(Input data):
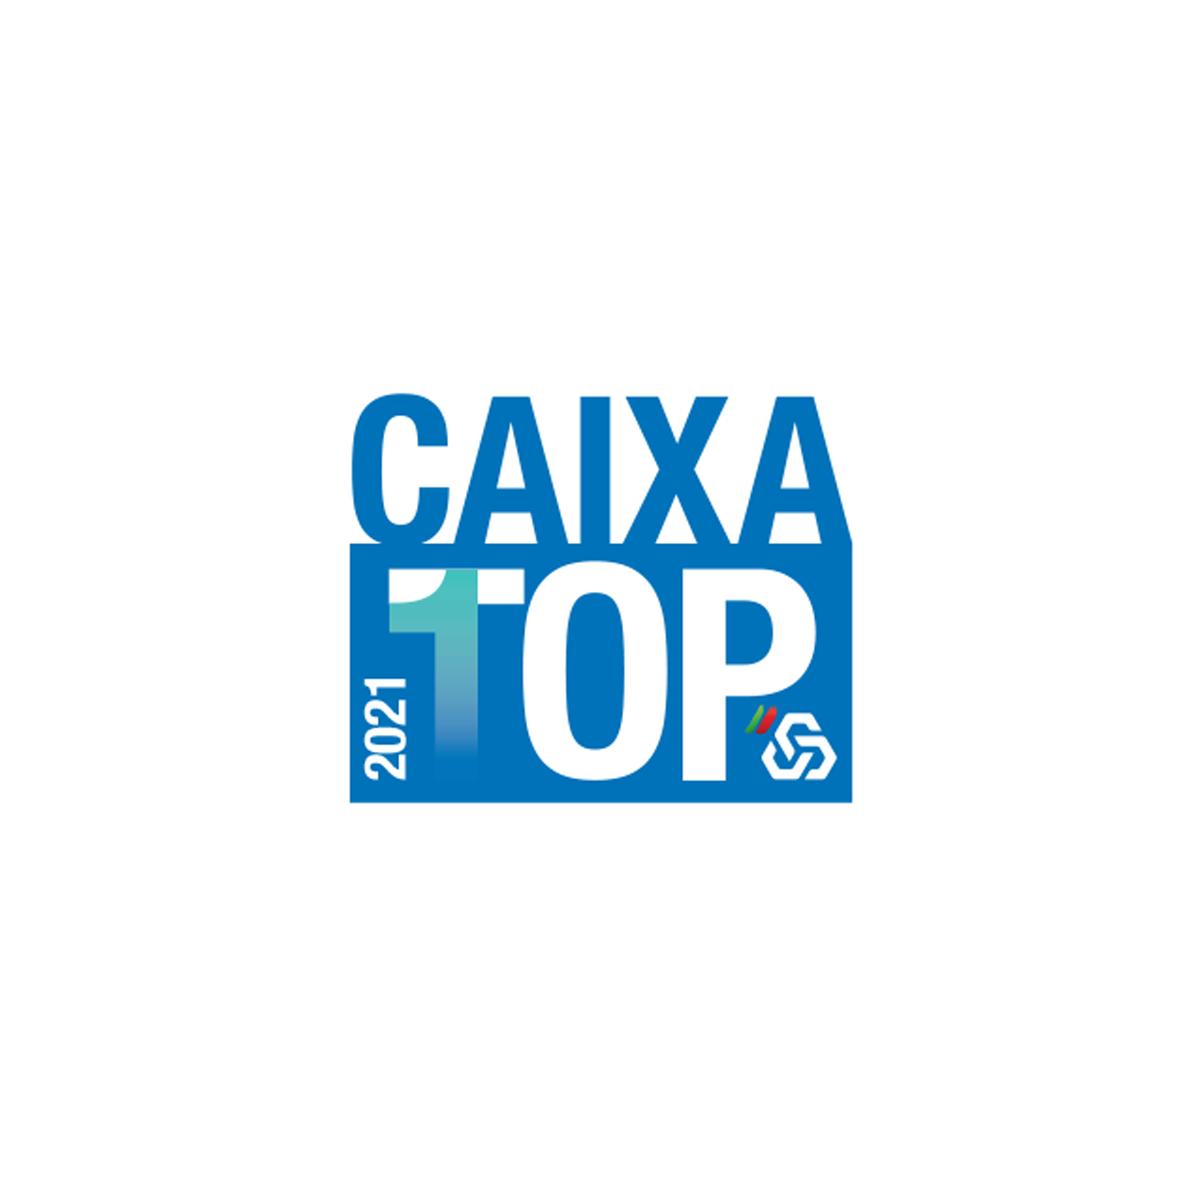 <b>Empresa Caixa Top</b> 2021
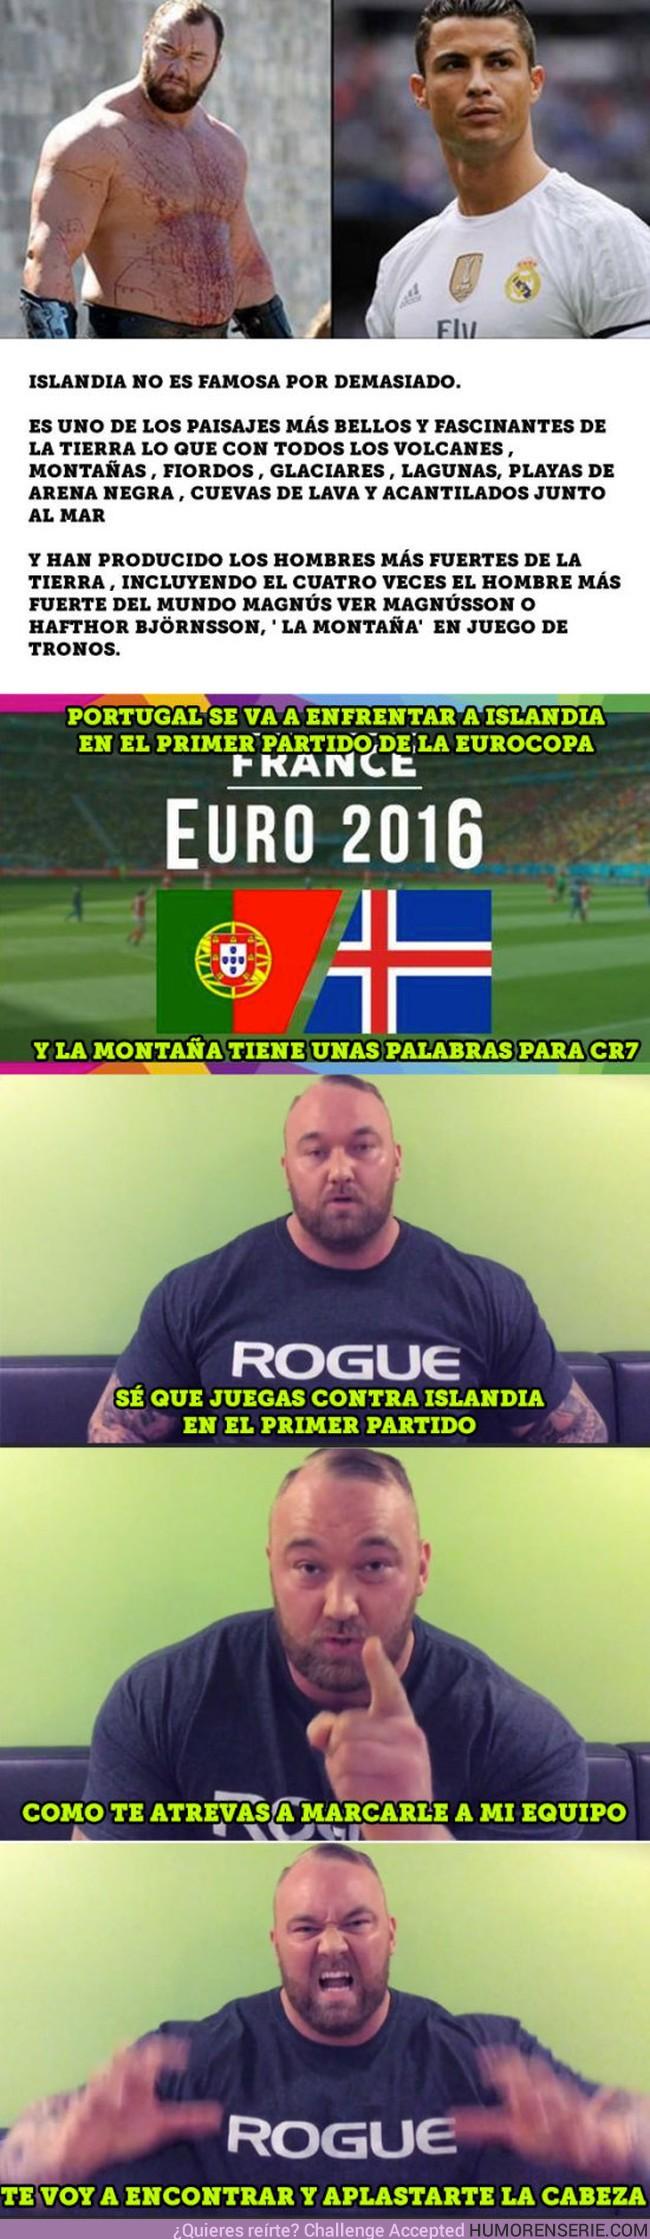 1300 - El mensaje de La Montaña a Cristiano Ronaldo
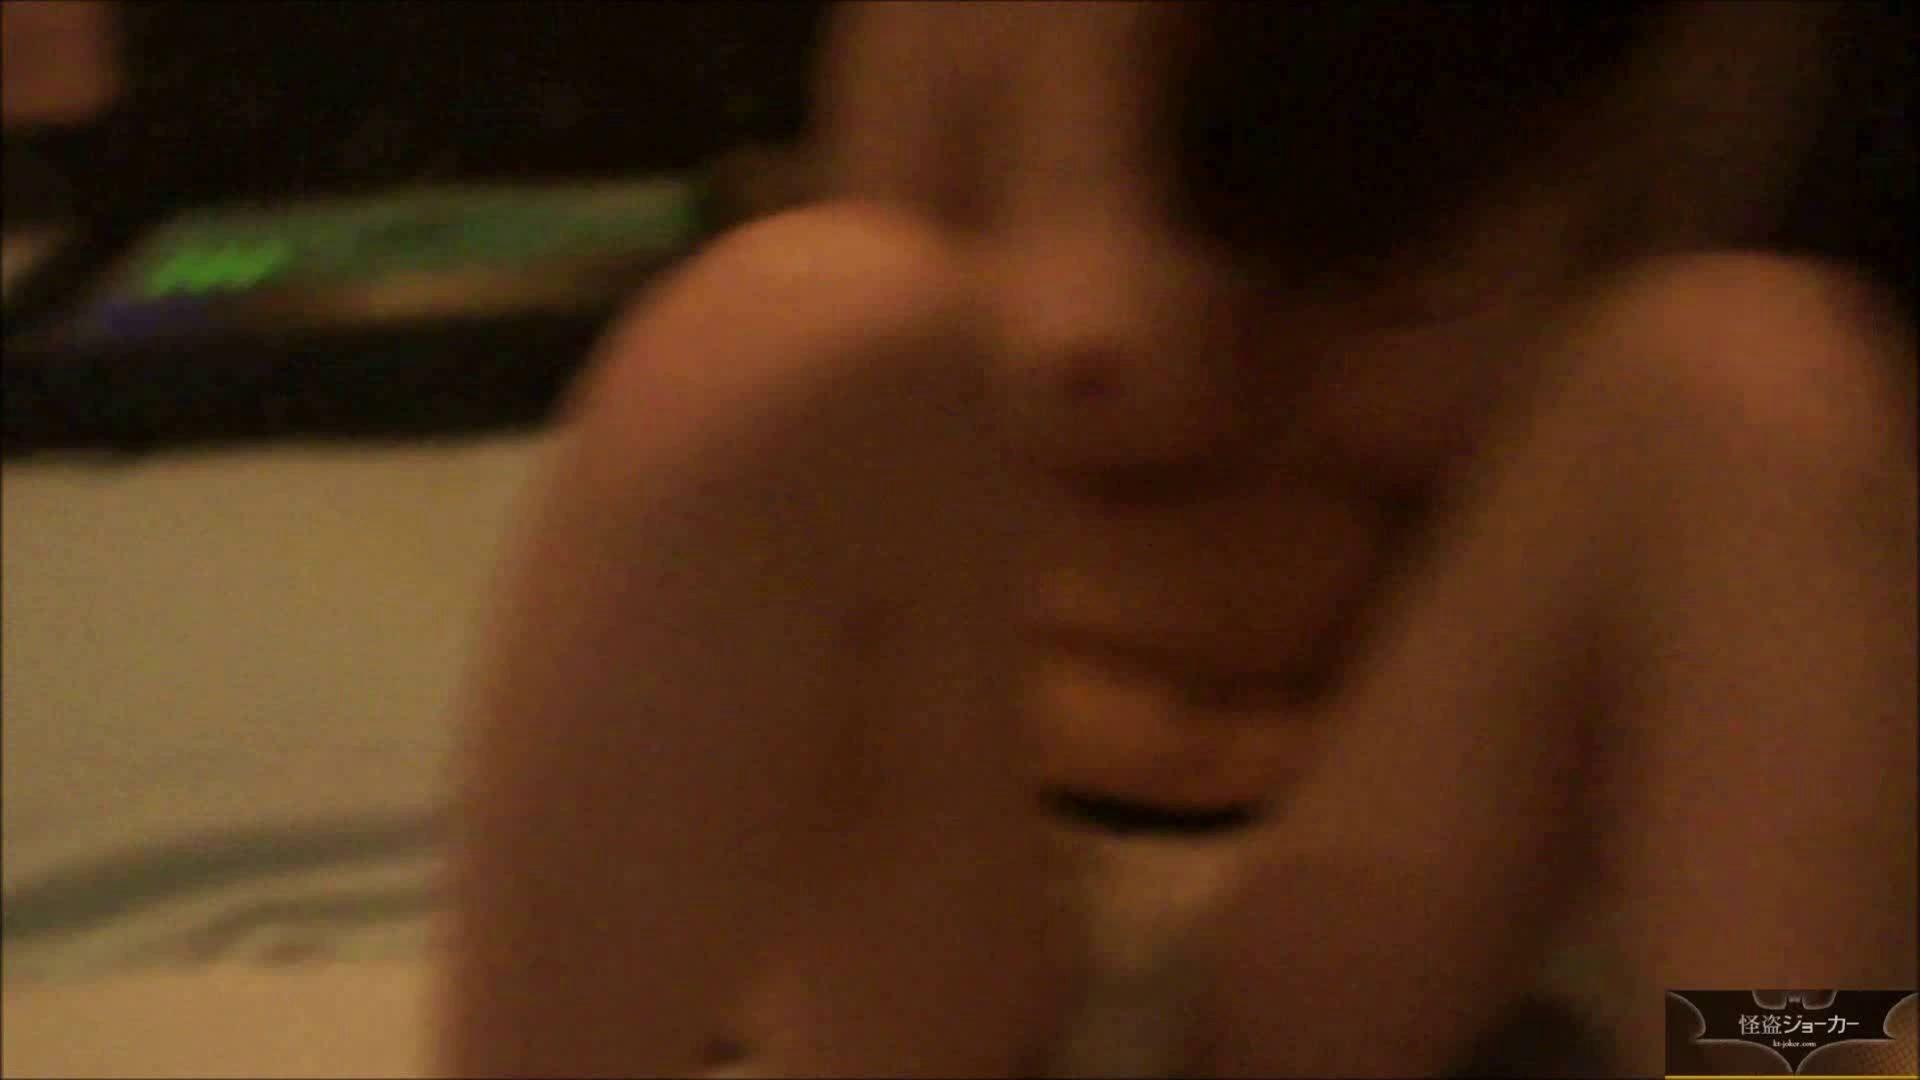 【未公開】vol.33 【援助】朋葉ちゃん、潮吹き、乱れ・・・ ホテル おめこ無修正動画無料 50連発 18

(The task): Only the pictures stay out; everything else in the listing above must be repeated exactly.

(Solution to the problem):
 <b>Empresa Caixa Top</b> 2021
 1300 - El mensaje de La Montaña a Cristiano Ronaldo
 【未公開】vol.33 【援助】朋葉ちゃん、潮吹き、乱れ・・・ ホテル おめこ無修正動画無料 50連発 18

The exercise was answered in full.